On UBTECH and Zhou Jian: Zhou saw Honda’s ASIMO at a 2008 technology fair in Japan; the origin story is documented in TechNode’s 2017 profile (”This Chinese unicorn wants to put humanoid robots into every home”). Zhou spent four years and approximately 50 million yuan of personal savings developing servo technology before incorporating UBTECH in March 2012. The 2016 Spring Festival Gala performance with 540 Alpha 1S robots preceded Unitree’s 2025 performance by nine years. UBTECH’s December 2023 Hong Kong IPO raised HK$1 billion. Walker S2 mass production and delivery milestones (orders exceeding 800 million yuan by late 2025) were documented in PR Newswire, South China Morning Post, and Robotics & Automation News.

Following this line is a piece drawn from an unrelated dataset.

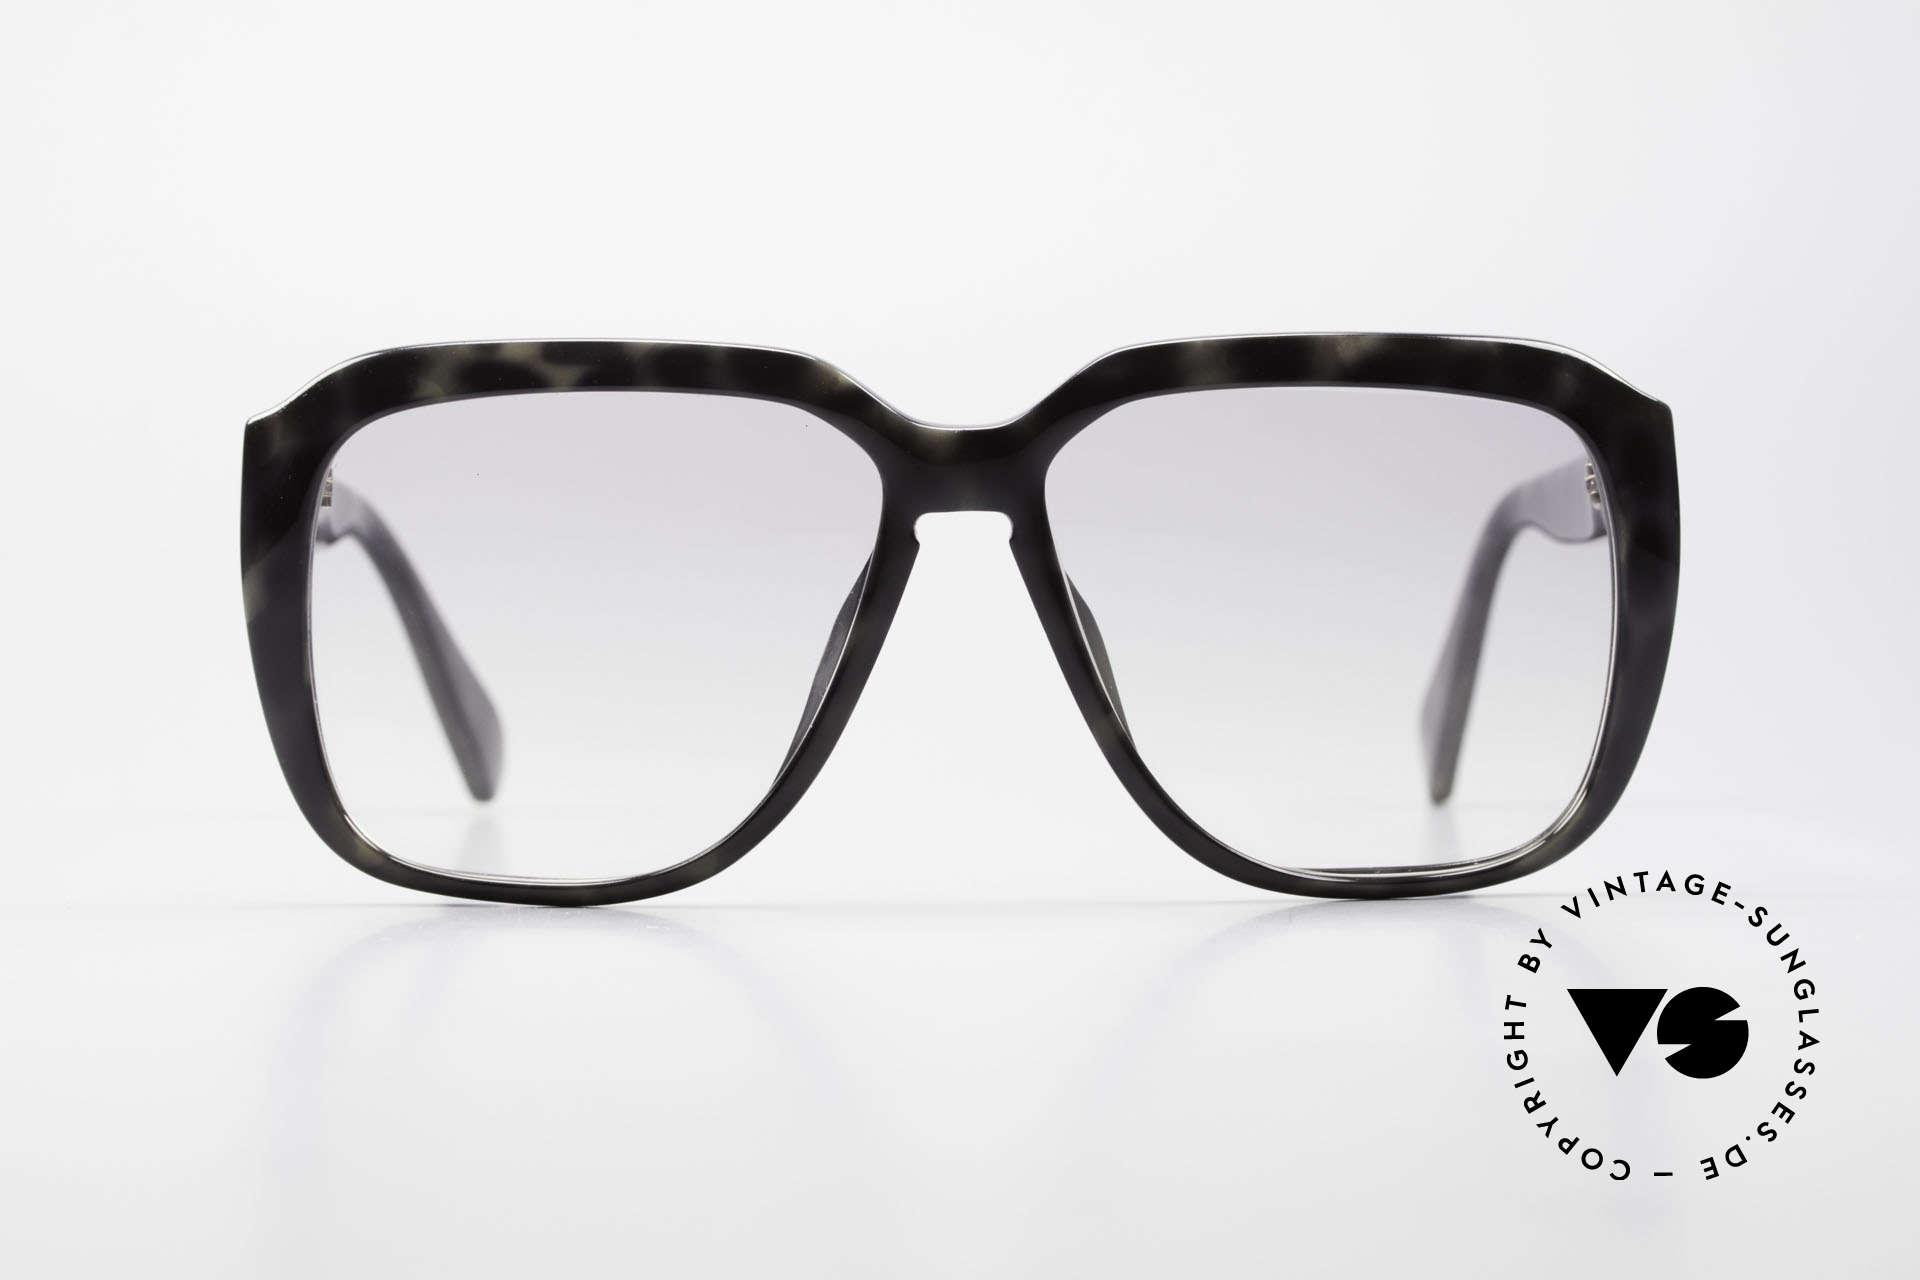 Dunhill 6045 80er Optyl Sonnenbrille Herren, sehr markante A. DUNHILL Sonnenbrille von 1986, Passend für Herren

On the chip restrictions: The October 2022 export controls banned Nvidia’s A100 and H100 from China; subsequent rounds in October 2023 tightened thresholds further. Nvidia’s China-specific H20 was designed to comply. Huawei’s Ascend 910B and 910C chips, manufactured at SMIC’s 7nm node, offer lower performance (the 910C achieves approximately 60% of H100 real-world performance per CFR and DeepSeek’s own assessments). SMIC cannot currently produce chips below 7nm due to export controls on advanced lithography equipment. Analysis from the Council on Foreign Relations (December 2025), RAND (August 2025), and Epoch AI provides detailed technical comparisons.
On China’s robotics ecosystem: Reports from CITIC Securities, Goldman Sachs, and Omdia provide detailed analysis of the competitive landscape. Omdia’s 2025 report on global humanoid robot shipments (approximately 13,000 units) is a key industry benchmark. The China Robot Industry Alliance publishes annual production and deployment data. The Morgan Stanley vs. lower-end market forecasts reflect the enormous uncertainty about how quickly general-purpose robots will achieve commercial viability.
On the EV parallel: BYD surpassed Tesla as the world’s largest EV manufacturer by units sold in 2023. Coverage in publications like The Information and analyses by Morgan Stanley examine how Chinese companies came to dominate the EV supply chain, and whether robotics will follow a similar trajectory.